KMST
- Rolla, Missouri; United States;
- Frequency: 88.5 MHz

Programming
- Format: Public radio
- Affiliations: National Public Radio

Ownership
- Owner: University of Missouri–St. Louis; (The Curators of the University of Missouri);
- Sister stations: KWMU

History
- Former call signs: KMSM (1964–1974); KUMR (1974–2007);
- Call sign meaning: Missouri University of Science and Technology

Technical information
- Licensing authority: FCC
- Facility ID: 69041
- Class: C1
- ERP: 100,000 watts
- HAAT: 146 meters (479 ft)

Links
- Public license information: Public file; LMS;

= KMST (FM) =

KMST is a radio station licensed to Rolla, Missouri, and operated by the University of Missouri at St. Louis as an extension of St. Louis Public Radio. The station broadcasts at 88.5 FM with an effective radiated power of 100,000 watts, making it the most powerful public radio station in south-central Missouri.

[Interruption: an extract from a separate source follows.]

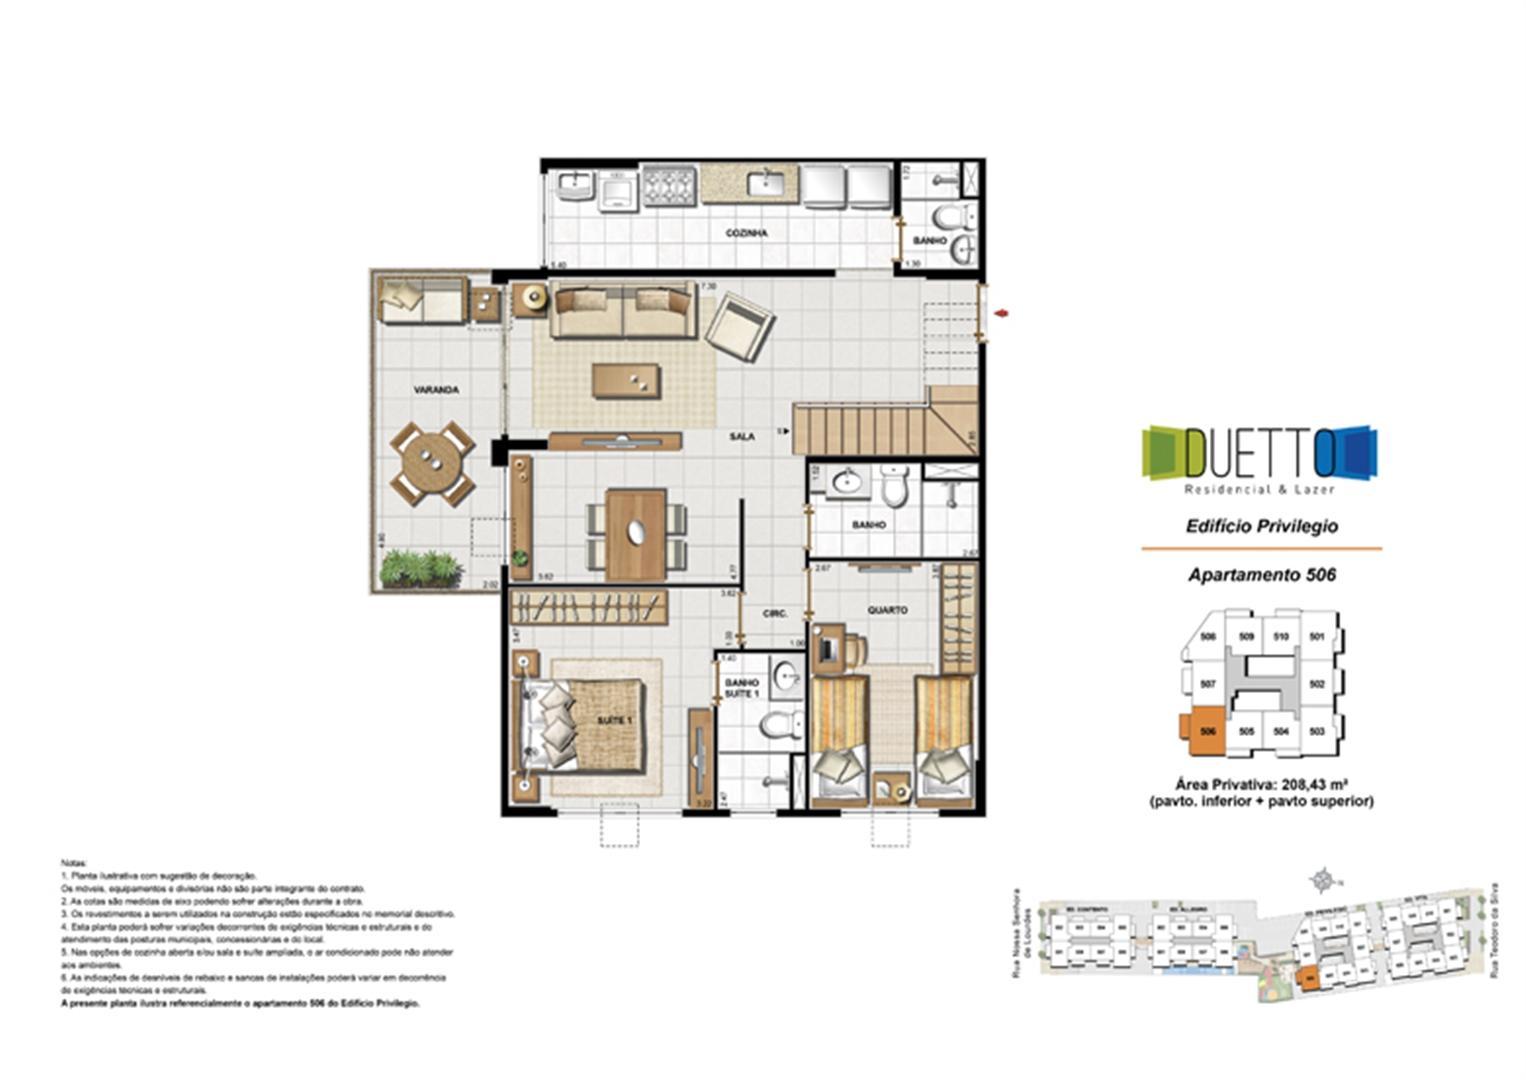 Cobertura Duplex - 3 Quartos com suíte - 208,43m² - pavto inferior+ pavto superior (2) | Duetto Residencial & Lazer – Apartamento no  Grajaú - Rio de Janeiro - Rio de Janeiro

Historically, the station's programming has consisted of several genres of music such as classical and jazz as well as several popular National Public Radio programs such as All Things Considered, A Prairie Home Companion, Car Talk, and Michael Feldman's Whad'Ya Know? show. The station originated a weekly science talk show, titled We're Science, which was syndicated nationwide for several years in the mid-1990s.

The station originally broadcast under the call letters KUMR, from the abbreviation of the station's home, the University of Missouri–Rolla, through 2006. On January 1, 2008, the University of Missouri–Rolla changed its name to Missouri University of Science and Technology. As a result, the station's original call sign, KUMR, was changed to KMST on July 16, 2007, as a reflection of the university's forthcoming name change.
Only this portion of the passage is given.